I have always enjoyed the Gujarati Thalis at restaurants like Rajdhani in Bangalore. So I was looking forward to a more authentic experience during my recent trip to Gujarat. And I never imagined that that I would go through another “Highway on my plate” sort of experience.

My flight to Ahmedabad landed at noon as the summer sun was busy heating up the city. Since my itinerary was quite packed, I straighaway boarded a private bus for Patan about 130 Kms away. The plan was to see Rani Ni Vav which is a 10th century step well constructed by a queen of the Solanki dynasty. To save time, I had some sandwich on the flight and skipped lunch.

On my way back from the Vav I got the first taste of Gujarati food with Puri nu Rasavalu Shaak (Puri with vegetable gravy) at a roadside hotel in Patan. I found that the gravy in Gujarati dishes is not as thick as Punjabi gravy. As I was devouring the meal, I noticed a choice of Lassi on the menu and ordered the special Lassi. This was my first Lassi in Gujarat and thereafter I was besotted with Gujarati Lassi throughout the trip. The special ingredients in the Lassi were the cream, a dollop of vanilla ice-cream, nuts and sweet mango syrup. Gujarat is home for Amul and that showed in the taste and consistency of the Lassi itself. And the special additions took an already-good Lassi to a whole new level. I was glad I had skipped lunch that afternoon.

The overnight stay meant that the first encounter with Thali in Gujarat would have to be at Patan itself. Locals told me that it is not common to have a Thali for dinner in small towns but there was a place where I could get one. The name of this restaurant was an oxymoron for Gujarati Thali – “Dhosa Camp” near Chaar Rasta on SH7.

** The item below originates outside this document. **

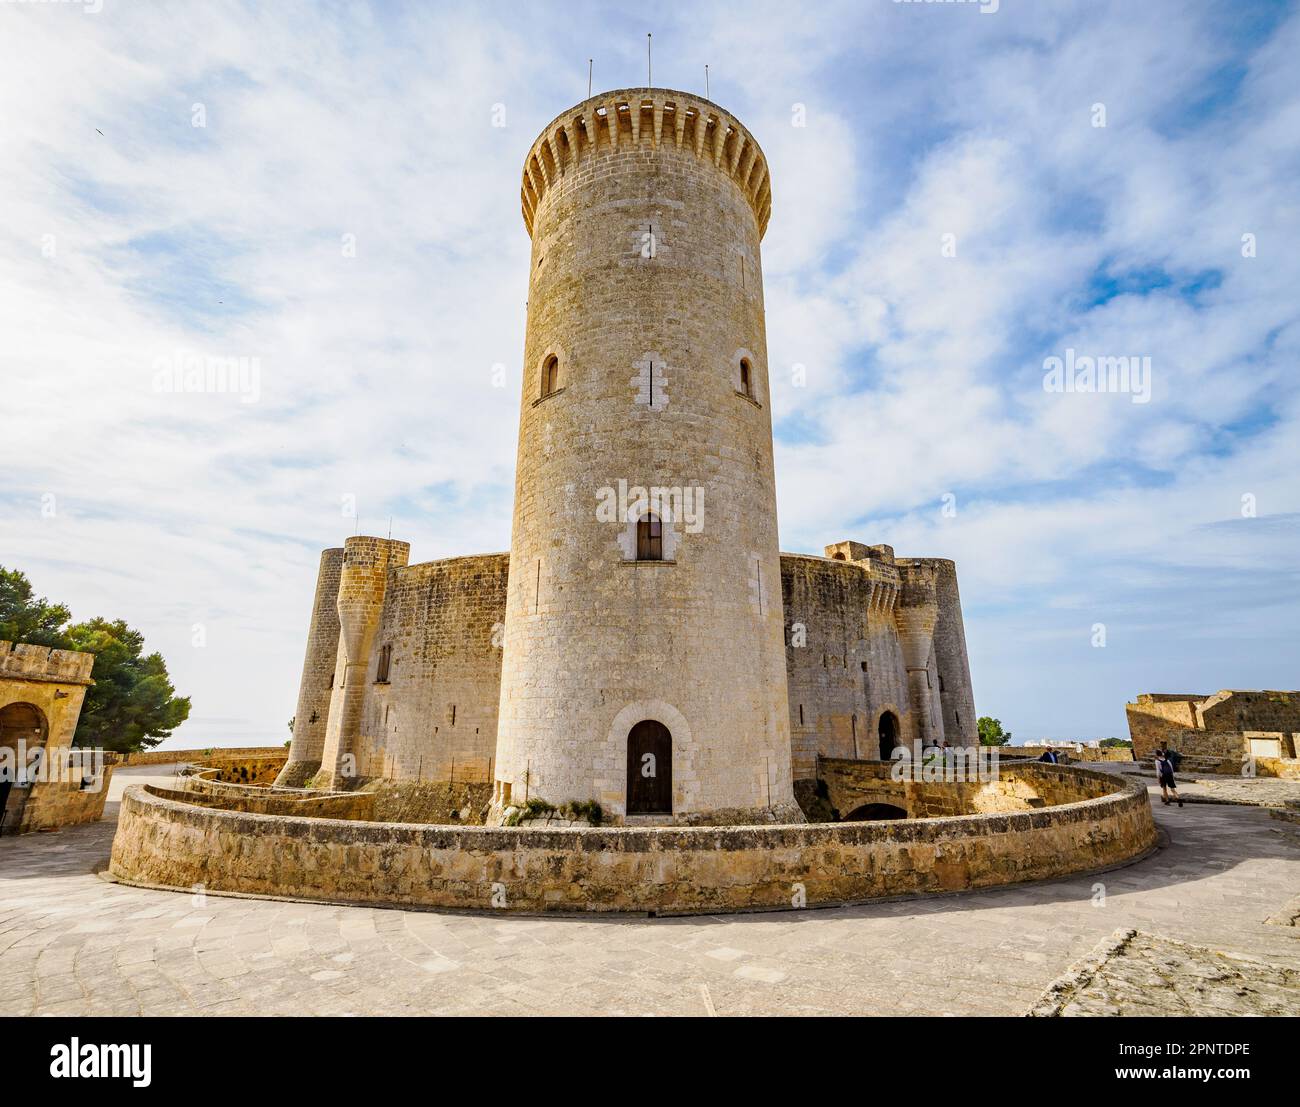 Donjon tower of Bellver Castle the Castillo de Bellver high on a hill overlooking Palma de Majorca in the Balearic Islands of Spain Stock Photo

While Gujarati families around me were ordering Paper Masala Dosa, I settled down for a Thali. For Rs. 45 I could not have had a better Thali with prompt service. The Thali comprised of few typical items such as Black Chana, a cup of mildly sweet Daal, one dry vegetable curry and one with gravy. Rice, Chaas and unlimited hot Chapathis rounded off the dishes. The striking feature of this Thali was the simplicity of the dishes. Compared to the overwhelming Thalis in posh city restaurants, this Thali felt authentic and homely.